During the MoBa inclusion period the questionnaires were modified several times, resulting in some of the variables being available only from later questionnaire versions (D and E), and numbers are lower for these analysis.

Statistics

SPSS Statistics 21.0 (SPSS Inc., Chicago, IL, USA) was used to perform the analyses. Mean age was compared through independent-samples t-test. All other measures were constructed as dichotomous variables and were analyzed by Pearson’s chi-square test, and by Fisher’s exact test for cross-tabulations with expected cell count less than five. Results are presented as crude frequencies and unadjusted odds ratios (OR) with 95% confidence interval (CI) and corresponding p-values. Two-sided p-values < 0.05 were considered statistically significant. When significant differences were found between the epilepsy group and control groups through chi square testing, the differences were further tested with binary logistic regression analysis for potential classical confounders as well as socioeconomic conditions associated with epilepsy in our analysis.

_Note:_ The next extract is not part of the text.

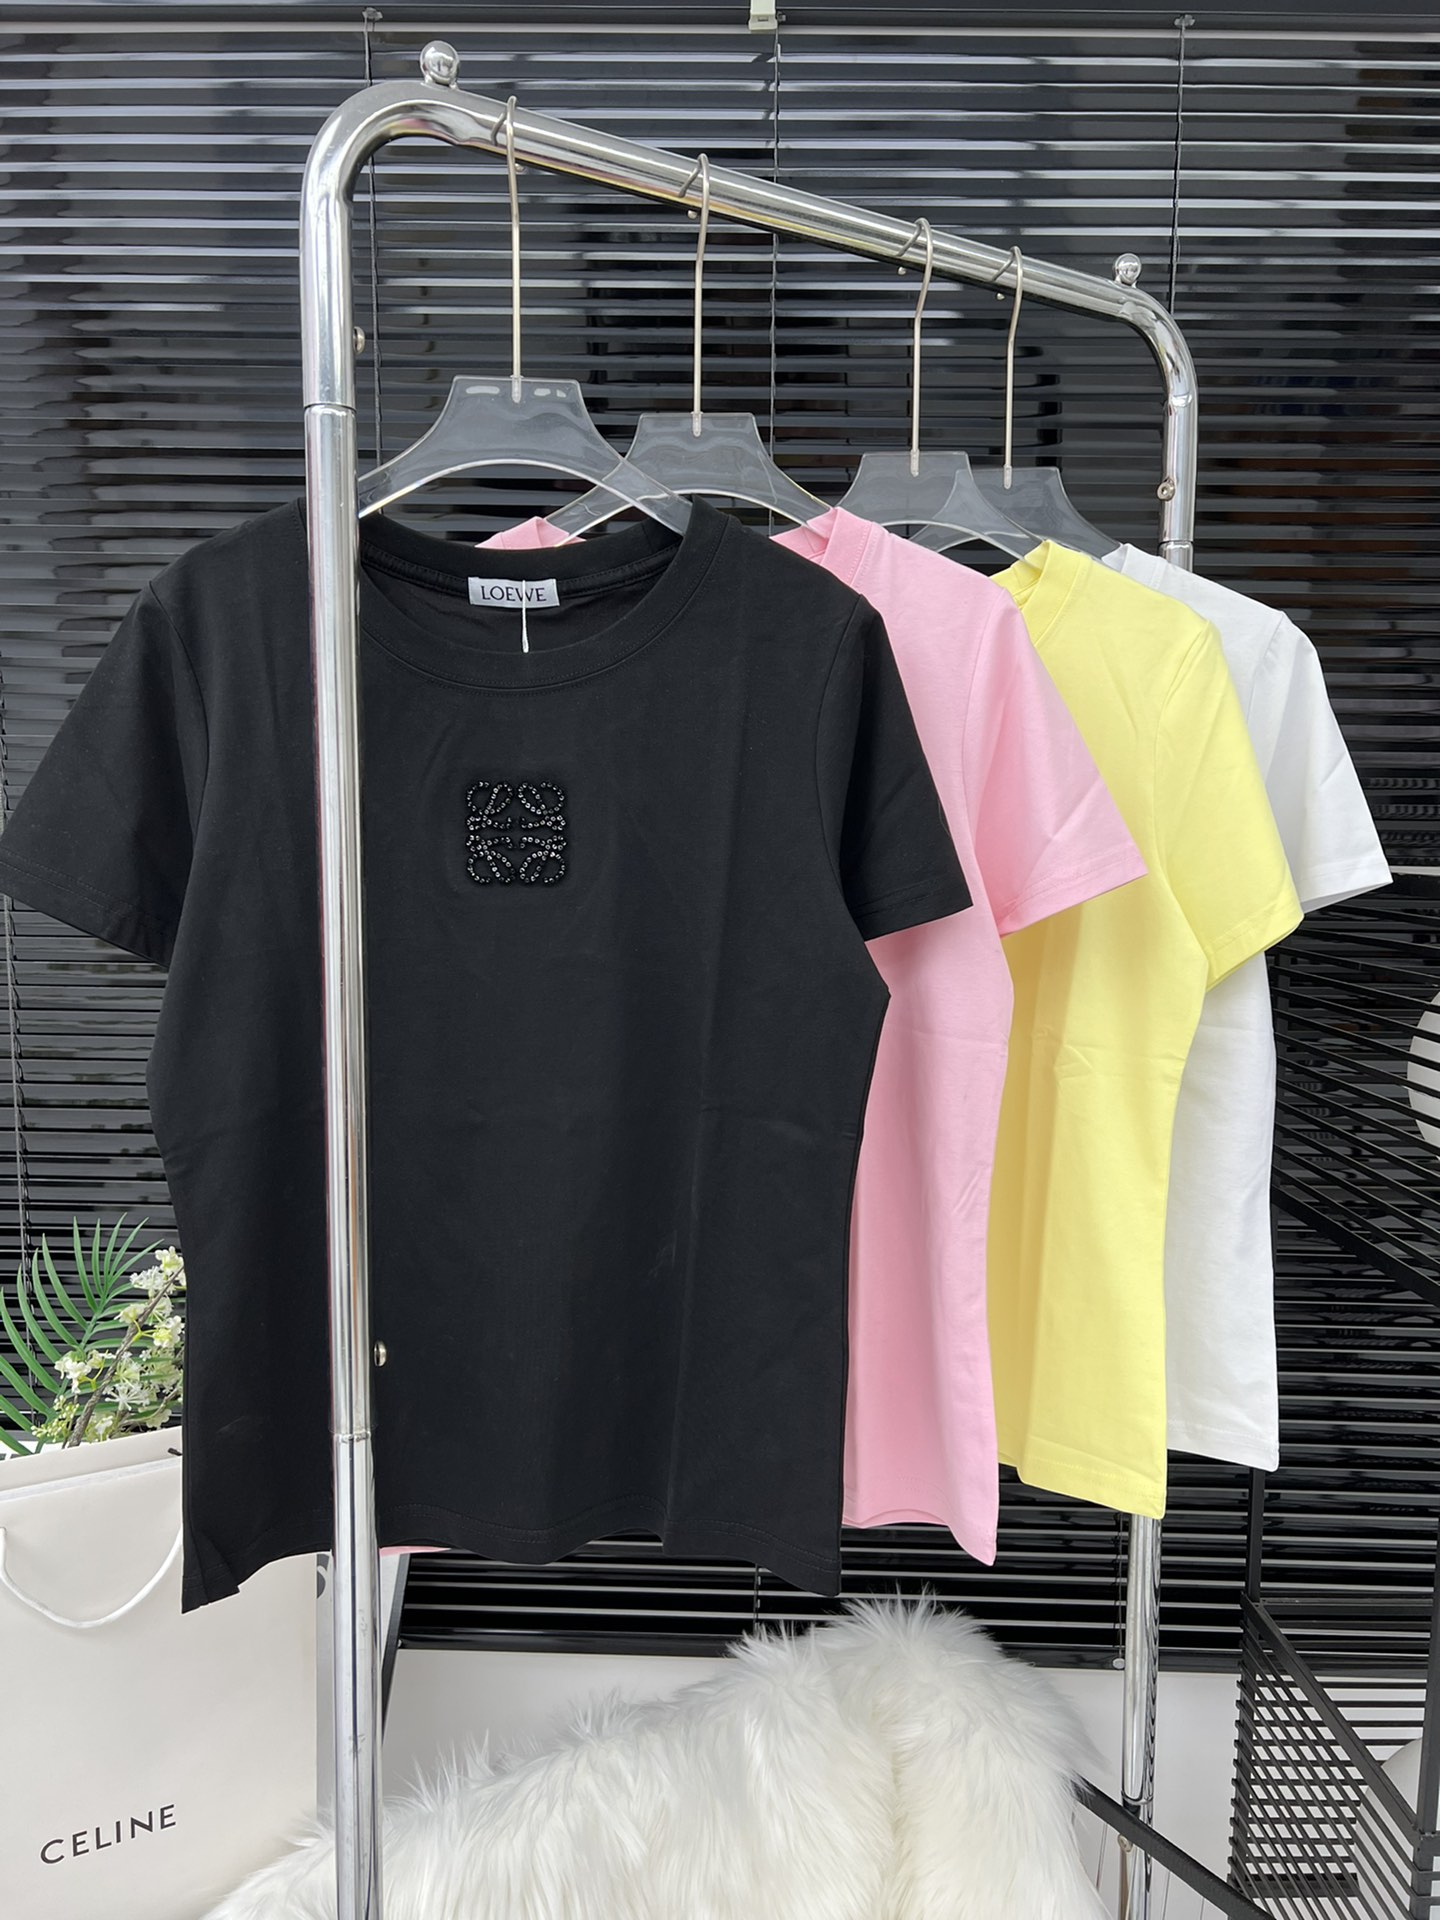 Loewe Clothing T-Shirt Embroidery Cotton Spring/Summer Collection Short Sleeve

Results are presented with adjusted OR with 95% CI and corresponding p-values. OR, CI and p-values in all tables and figures refer to comparisons between the fathers with epilepsy and the main reference group without epilepsy. Significant differences between the epilepsy and NNCD groups are marked with “#” in the tables and figures. Age, low income, and low educational level were considered potential confounders. McNemar test was used to compare differences between dichotomous variables for diagnoses vs. symptoms.

Ethics

The MoBa study and the current sub study have been approved by The Regional Committee for Medical Research Ethics in Western Norway (2010/788).

Results

0.9% (n = 658) of the expecting fathers reported a history of epilepsy (Table 1), 36.9% (n = 243) having used AEDs during the last six months prior to partners pregnancy, the majority as AED monotherapy (87.2%, n = 212).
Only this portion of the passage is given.